A. B. Oui, deux projets pour des créations in situ, en 2016 et en 2017. Concevoir un spectacle pour un lieu spécifique, en plein air, permet de se concentrer sur une seule chose, puisque, par définition, il est impossible de tourner avec ces spectacles. Nous pouvons donc utiliser plus de matériel et voir grand.
Ces spectacles se joueront dans le canton. Nous avons déjà la musique, mais pas encore les danseurs. La musique a évidemment une grande importance. Dans Souffle, par exemple, la musique écrite par Caroline Charrière pour le chœur Zeugma, était très aérienne. Nous avons ainsi choisi une chorégraphie très charnelle. Le piège était de vouloir illustrer la musique. Ce serait devenu pathétique.

Avez-vous changé votre manière de travailler, en vingt-huit ans de création?
A. B. Oui et non. Nous envisageons la danse de la même manière. Même si nous donnons plus de valeur à une certaine intensité, une présence vivante même quand ça ne bouge pas beaucoup. La différence, c’est surtout que nous ne dansons plus. Nous sommes passés du statut d’interprètes-chorégraphes à celui de chorégraphes.
B. M. Avant, l’outil était nous-mêmes. L’outil est maintenant différent, avec un potentiel différent. Nous jouons avec ça: présenter aux danseurs des potentiels, dont ils ne se rendent parfois pas compte. Il faut qu’ils soient créatifs et capables d’improvisation, sans avoir les pas dessinés sur du papier.
A. B. Le rapport de confiance est important pour que les danseurs acceptent d’aller dans la direction vers laquelle on tend. La chorégraphie est aussi l’art de communiquer, de diriger sans diriger, de corriger sans blesser, pour faire découvrir au danseur ses propres possibilités.
B. M. Sinon, je continue aussi à m’occuper des costumes, avec l’aide d’une couturière. Dans notre dernière création, nous avons renoncé aux décors, notamment en raison des difficultés qu’ils occasionnent lors des tournées. Surtout si l’on quitte le continent. Souffle, par exemple, a pu tourner en Amérique du Sud grâce à l’absence de décors.

Le métier de danseur est-il particulièrement difficile en Suisse?
A. B. Vivre de la danse est très difficile en Suisse. Les danseurs complètent souvent leur revenu avec le chômage. Ils doivent continuellement s’entraîner et suivre des cours, pour un travail qu’ils feront sur une période relativement courte.
C’est le problème dans l’art en général, mais les danseurs sont souvent au bas de l’échelle. Ils sont moins bien organisés et moins revendicatifs que les musiciens et les comédiens.

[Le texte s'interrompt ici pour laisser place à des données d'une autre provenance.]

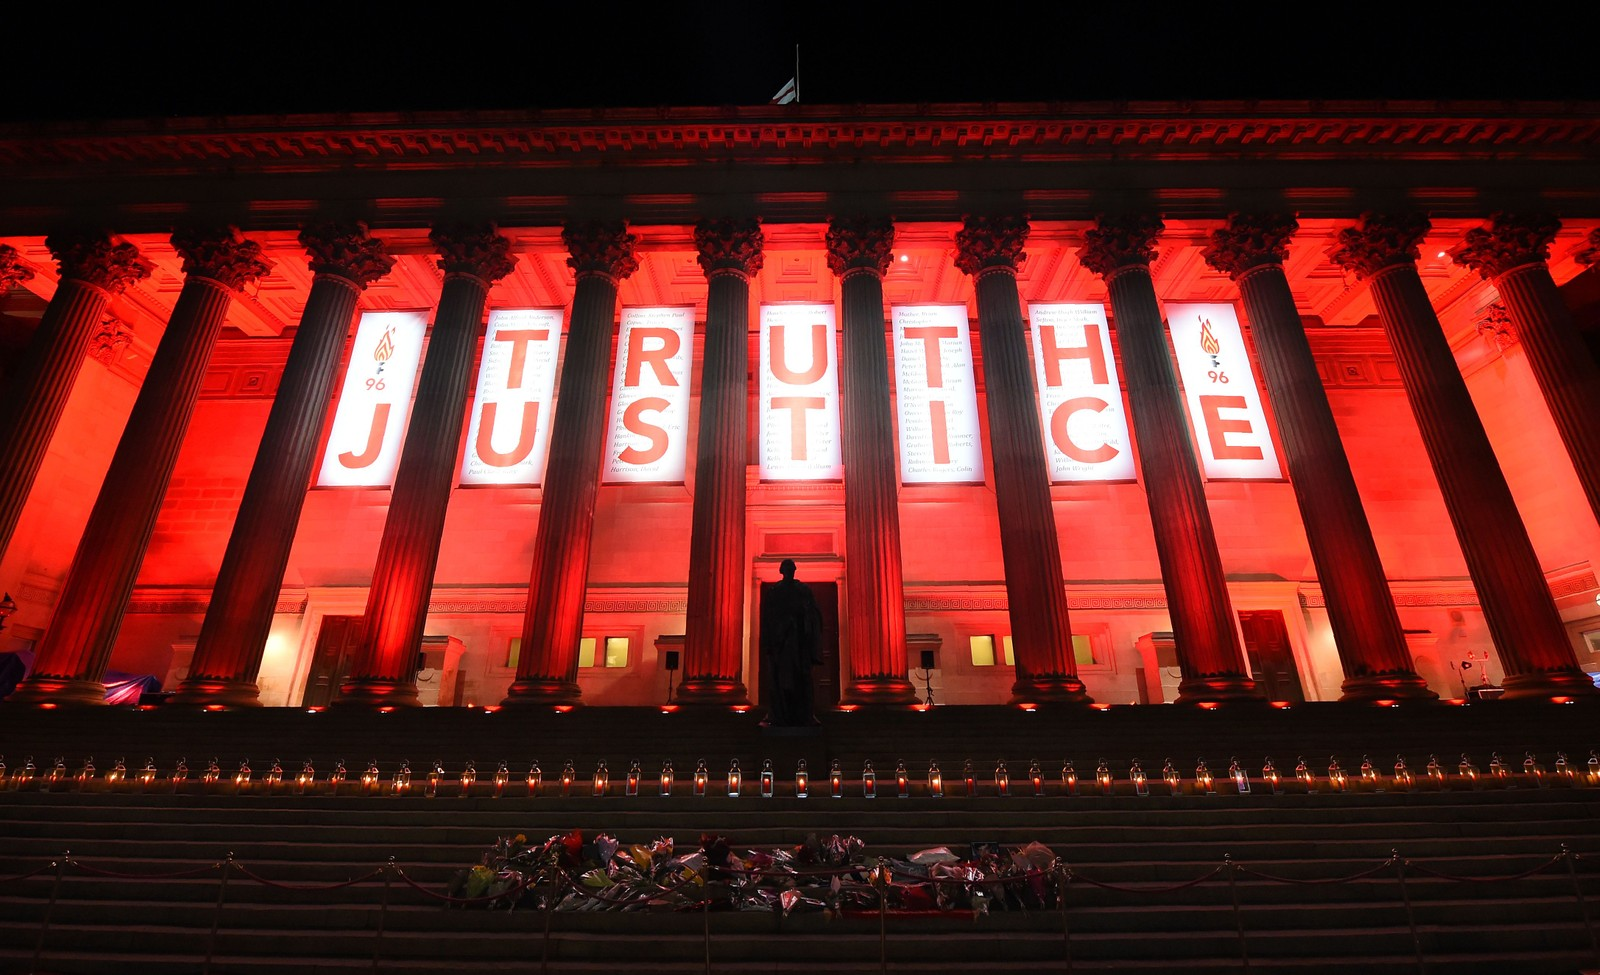 Blomster og tente lys på trappen til St. Georges Hall i Liverpool tidligere denne uken, til minne om de 96 fotballsupporterne som døde i Hillsborough-tragedien i 1989. Tirsdag denne uken ble det fastslått at tragedien skyldtes grov uaktsomhet fra politiets side.
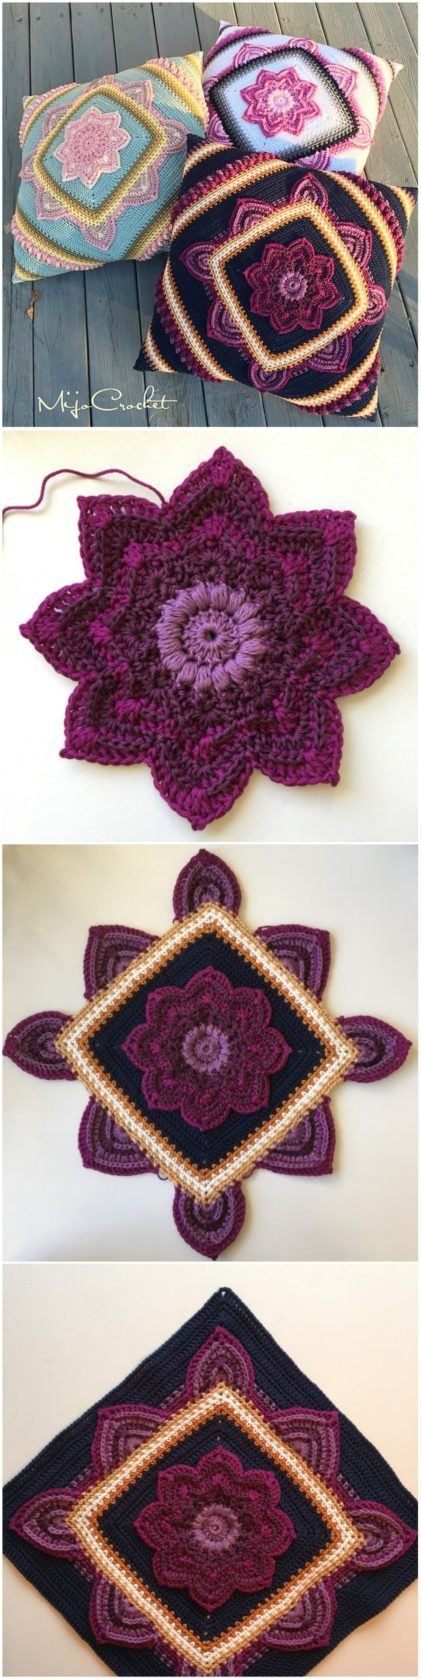 Crochet Blooming Flower Square - Free Pattern - Yarnandhooks

Certains danseurs traversent nos spectacles, mais nous n’avons pas les moyens d’en avoir sous contrat à l’année. Ce sont des free-lances, des nomades qui vivent avec leur valise: deux mois ici, ensuite à Zurich, puis à l’étranger.
B. M. Nous avons mis l’accent sur la création, ce qui nous a donné une situation plus stable et nous a permis d’avoir une famille Le soutien de nos parents a aussi été primordial. Comme simples danseurs, nous n’aurions pas pu faire cela. Mais tous ne peuvent pas prétendre à devenir chorégraphes.